View on GitHub

Devendra's Log

Windows-1252 charset codes

The following are some Windows-1252 (ISO 8859-1) charset codes I’ve seen in legacy HTML documents created in Word. The replacement suggestions are for conversion to UTF-8 characters available on the keyboard. Alternatively, you may want to use HTML character entities.

\x85 (ellipsis …) replace with three dots …

\x91 (open curly quote ‘) replace with normal quote '

\x92 (close curly quote ’) replace with normal quote '

\x93 (open curly double quote “) replace with normal quote "

\x94 (close curly double quote ”) replace with normal quote "

\x96 (ndash –) replace with normal -

\x97 (mdash —) replace with normal -

\xa0 (NBSP) replace with normal space

\xa9 (copyright symbol ©) replace with (C)

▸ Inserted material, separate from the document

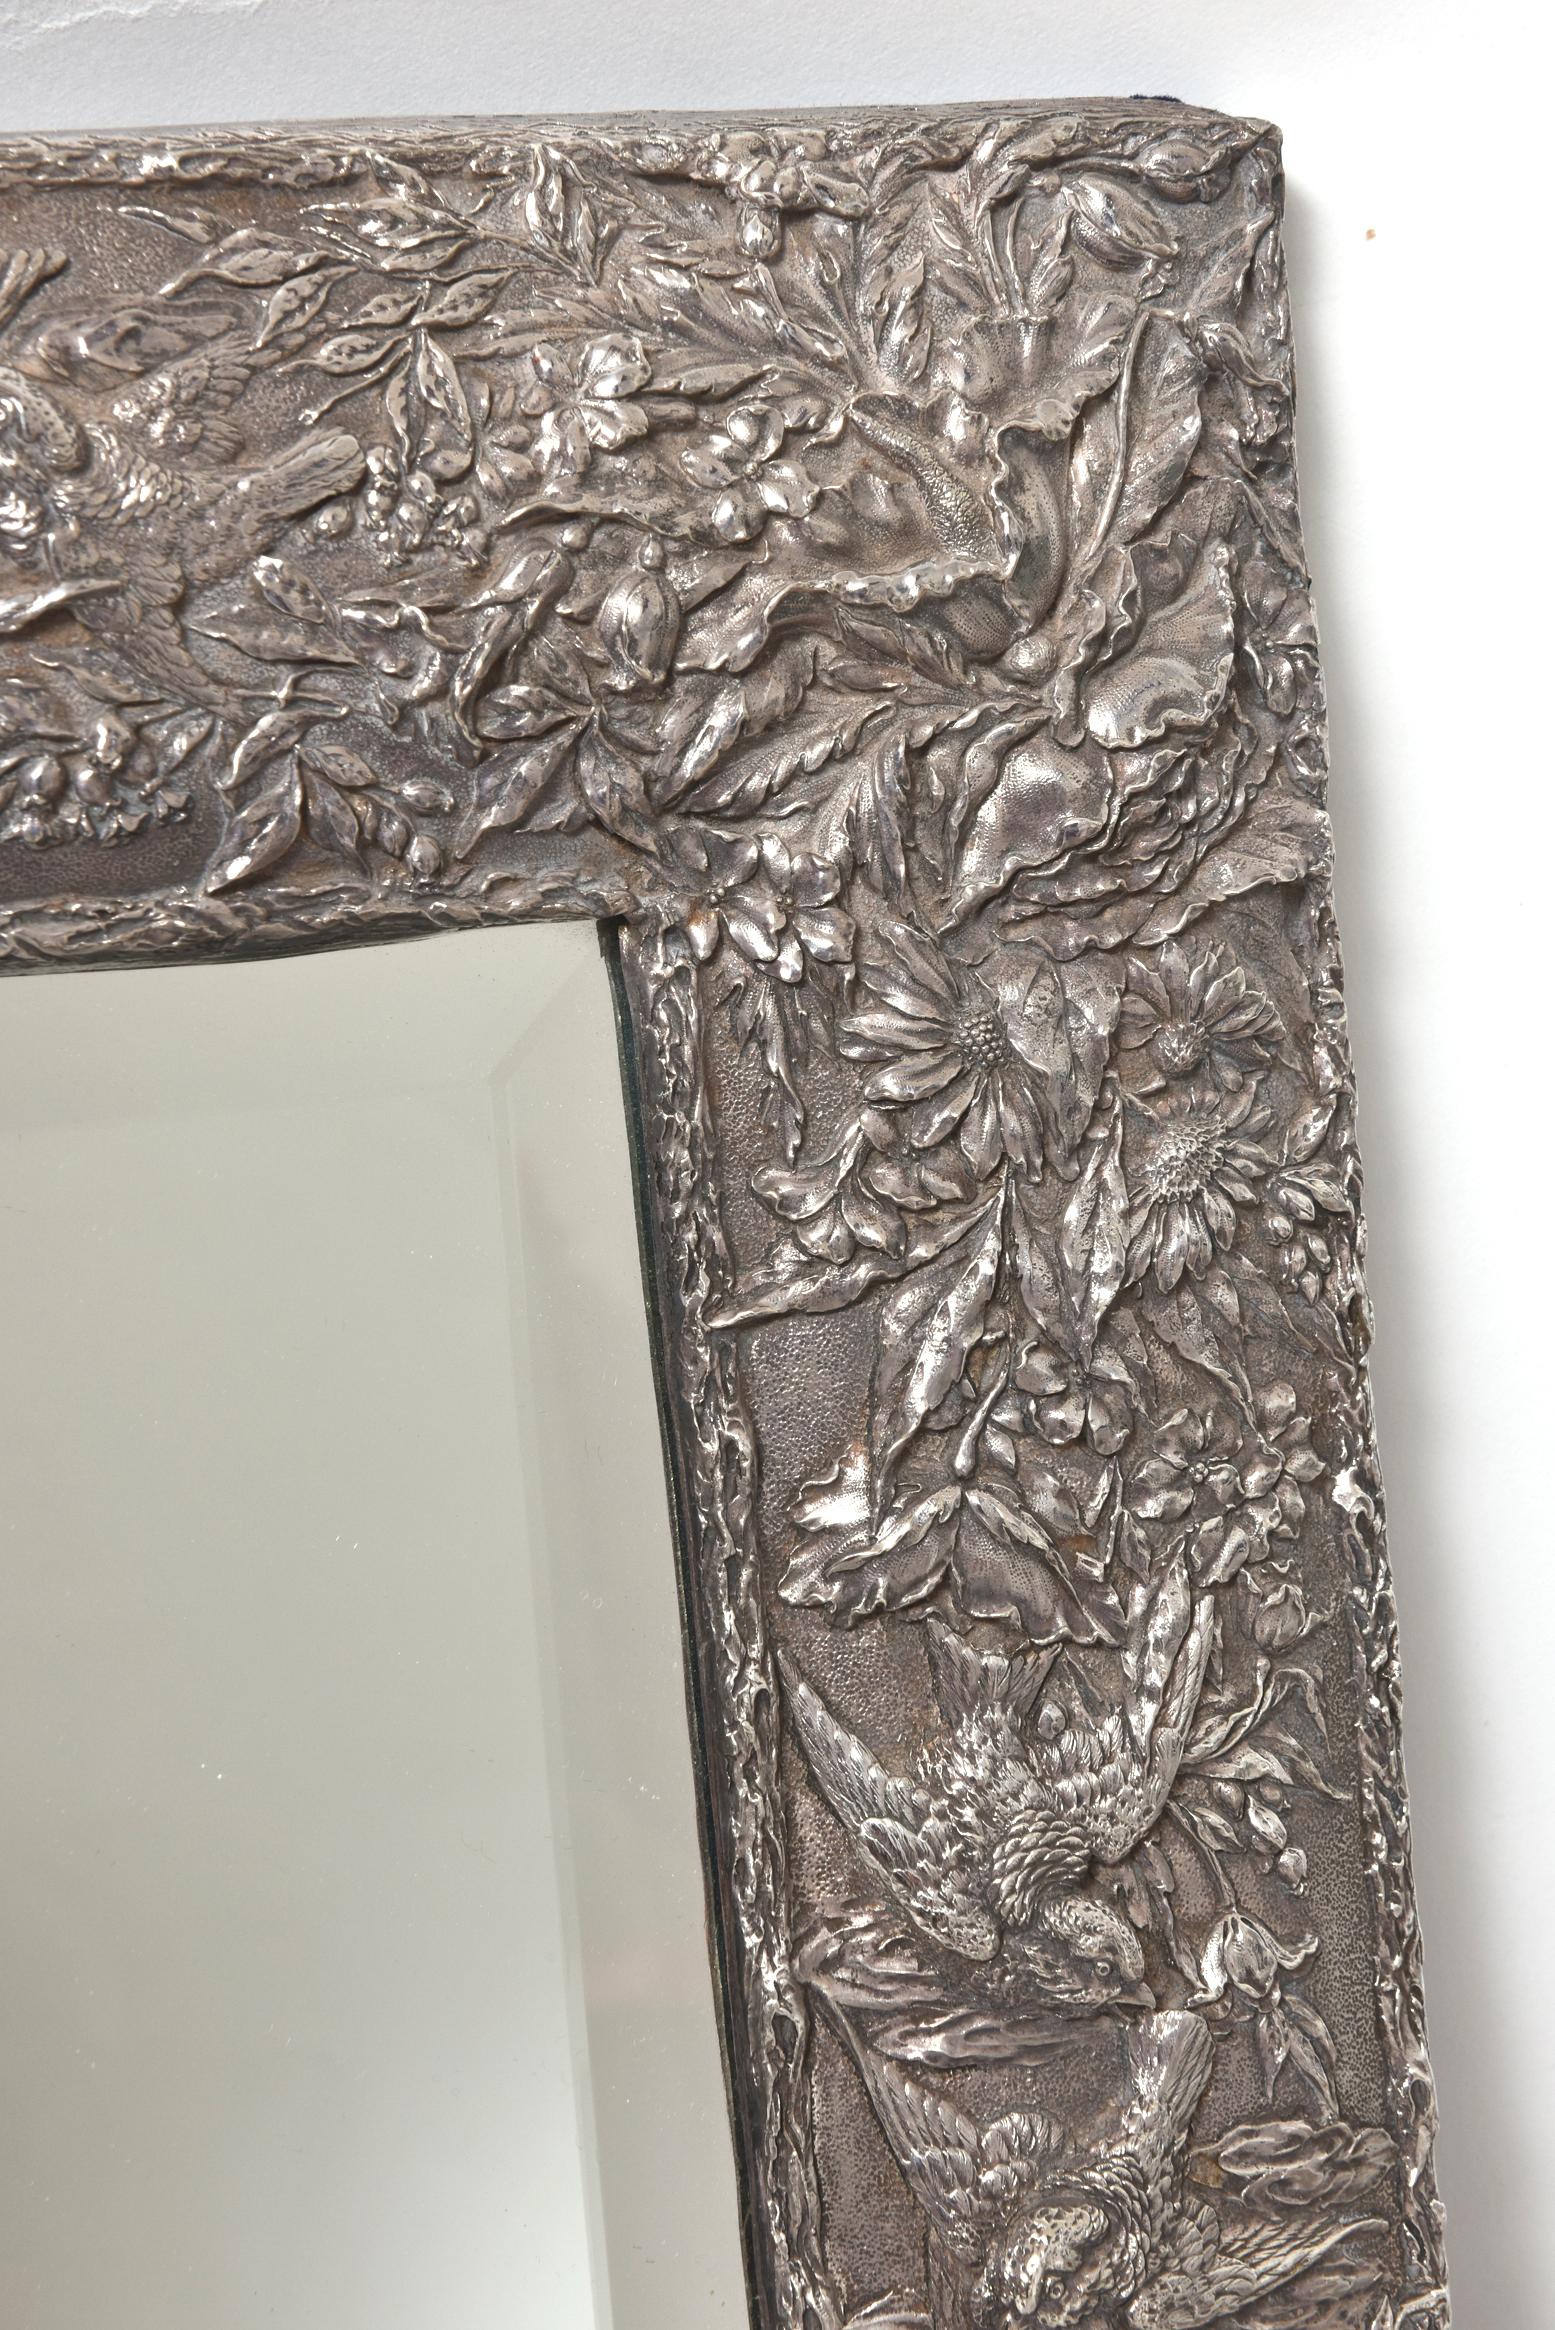 20th century, large sterling silver repoussé frame decorated in the Aesthetic style with birds flying amidst flowers. Inside the frame is a beveled glass mirror. The backside of the rectangular frame is blue velvet with an easel back. 

 Marked

\xad (soft hyphen) remove it

\xae (registered ®) replace with (R)

\xb7 (dot ·) replace with an asterix *

You can use your favorite editor to search using regular expression sequence above, and replace.

Alternatively, use GNU sed to automate file search and replace

gsed -i "s/\x94/'/g" file

This replaces all occurences of character with code 0x94 with a quote. gsed is GNU sed on macOS. -i does in place update to the file.